Article Text
Abstract
Introduction Ovarian cancer is the most lethal gynaecological cancer in the UK, yet there is no screening program in place to facilitate early disease detection. The aim is to evaluate whether online search data (OSD) can be used to detect individuals with gynaecological malignancy.
Methods This prospective cohort study evaluates OSD in individuals referred with a suspected cancer to a London Hospital (UK) between December 2020 and June 2022. OSD was extracted via Google takeout and anonymised. Health-related terms were extracted (24 months prior to GP referral). A predictive model was developed using (1) search terms and (2) categorised search queries. Area under the ROC curve (AUC) was used to evaluate model performance. 844 women were approached, 652 were eligible to participate, 392 were recruited and 235 completed enrolment.

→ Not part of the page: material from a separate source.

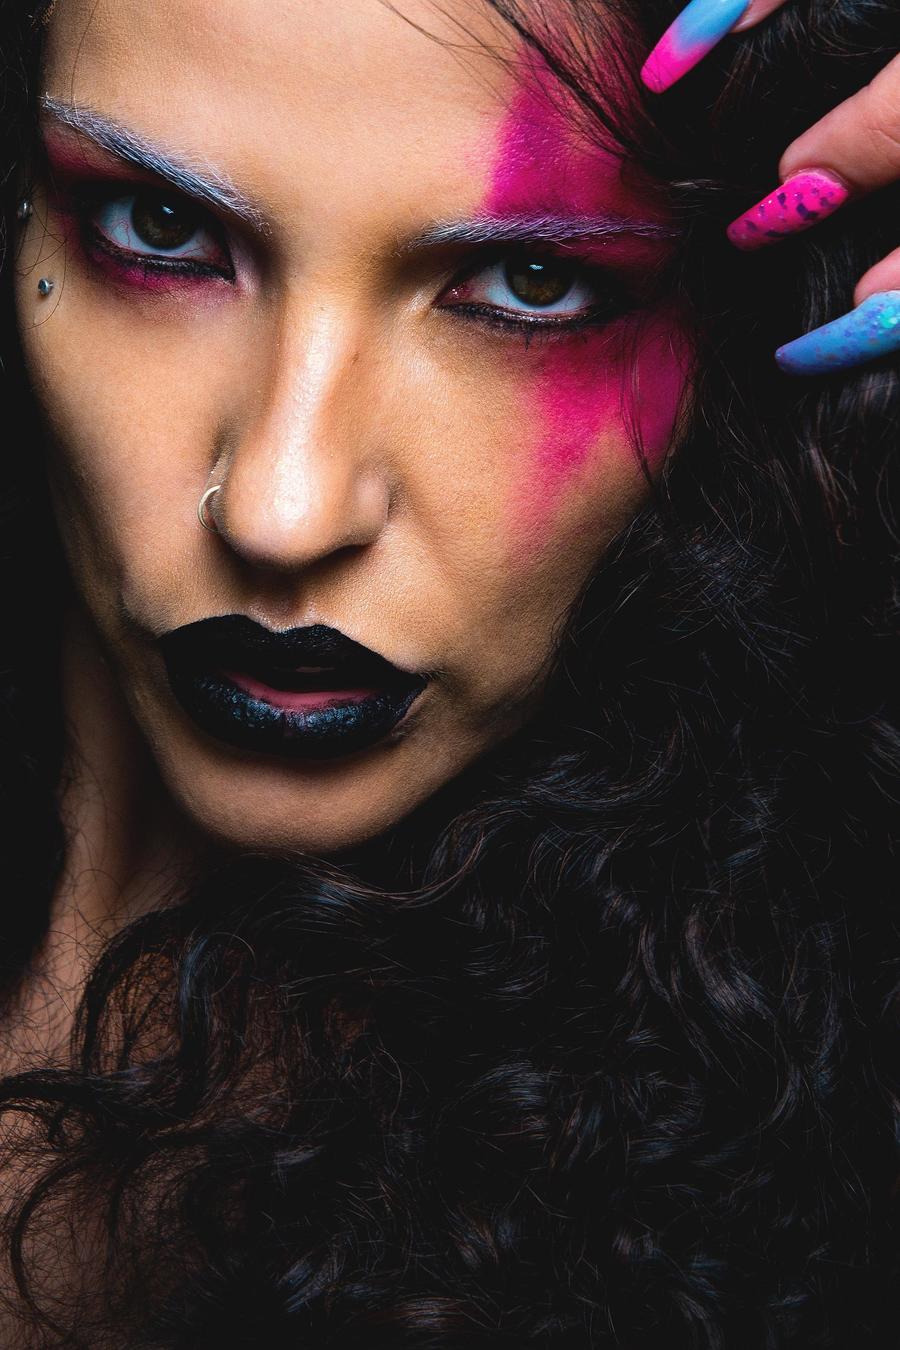 CHILLI / Makeup by RoosJames, Taken at Studio X / Uploaded 1st November 2018 @ 08:58 PM

Results The cohort had a median age of 53 years old (range 20-81) and a 26.0% malignancy rate. OSD was different between individuals with a benign and malignant diagnosis, as early as 360 days before GP referral, using all search terms, but only 60 days before, using categorised search queries. A model using OSD from individuals (n=153) who performed health-related searches achieved its highest (sample-corrected) AUC of 0.82, 60 days before GP referral.
Conclusion/Implications OSD appears to be different between individuals with malignant and benign gynaecological conditions, with a signal observed in advance of GP referral date. OSD needs to be evaluated in a larger dataset to determine its value as an early disease detection tool and whether its use leads to improved clinical outcomes.